I've set up different shard configurations (shard-replica): 1-0, 1-1, 1-2, 2-0, 2-1, 2-2 ... 6-0, 6-1, 6-2 (18 different configurations).
I was testing indexing and searching time both - first i was indexing the monthly data for a shard configuration, then I started to query them from JMeter with 7000 different keyword set (real production data) and with different parallellistics (50, 100, 200, 500, 1000 threads).
I was measuring the average bulk indexing time with a specific bulk size, and the average JMeter HTTP response time from a query.

What I found is:

  • increasing number of primary shards are drastically increases the speed of indexing,
  • increasing number of replica shards are barely decreasing the speed of indexing.

The strange point is in the querying side:

  • increasing number of primary shards are drastically decreases the speed of querying,
  • increasing number of replica shards are decreasing the speed of querying but not as drastically as opposite.

I was trying some extremist configurations with 6 dedicated data nodes: 1 primary 6 replicas, 2 primaries 6 replica, 6 primaries 1 replica.
The most suprising thing was that response time for 2-6 was three times bigger than 1-6 which I don't understand.

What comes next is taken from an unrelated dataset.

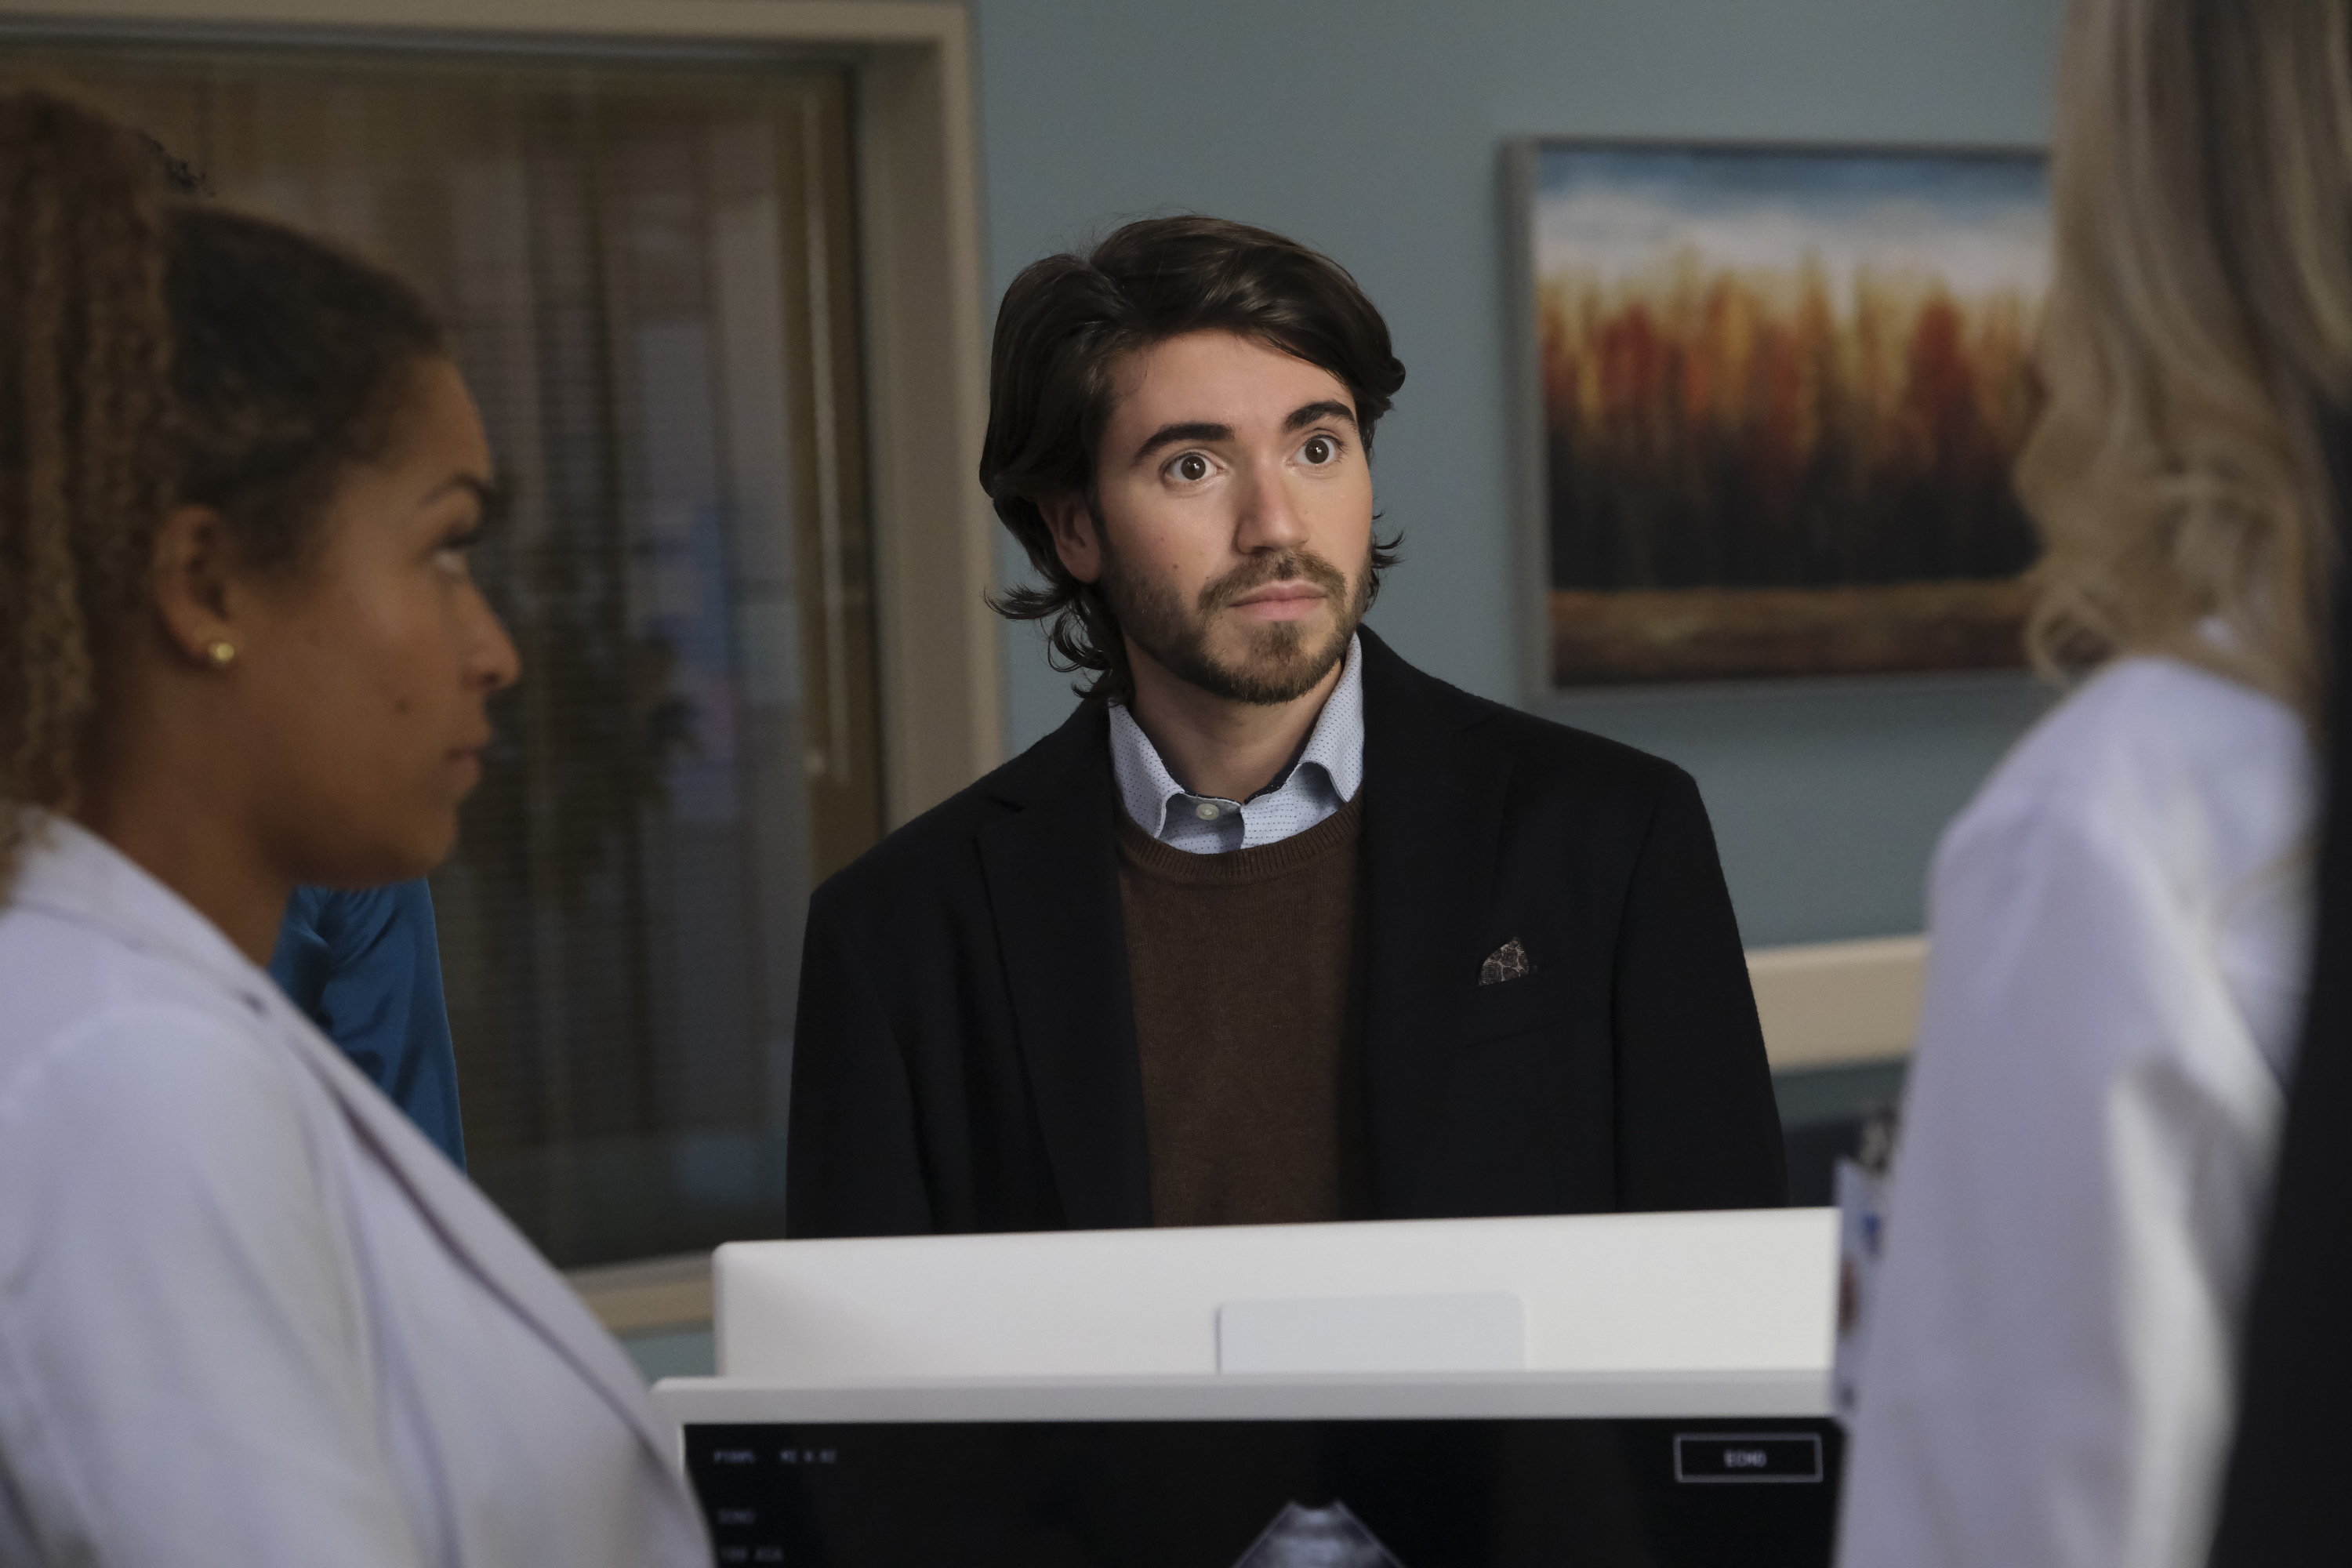 Noah Galvin as Dr. Asher Wolke on The Good Doctor | Jeff Weddell via Getty Images

But it shows me that speed of indexing and querying is not just depends on the number of shards but also on the number of nodes.
So I repeated my whole test with 4 data nodes - which impacted only the number of replica nodes (I was able to set up 3 replica shards for an index).
Result was the same.

Long question short: is it a real result that for my data the best configuration is 2 primary shards and 1 replicas for each index (for 3 data nodes)?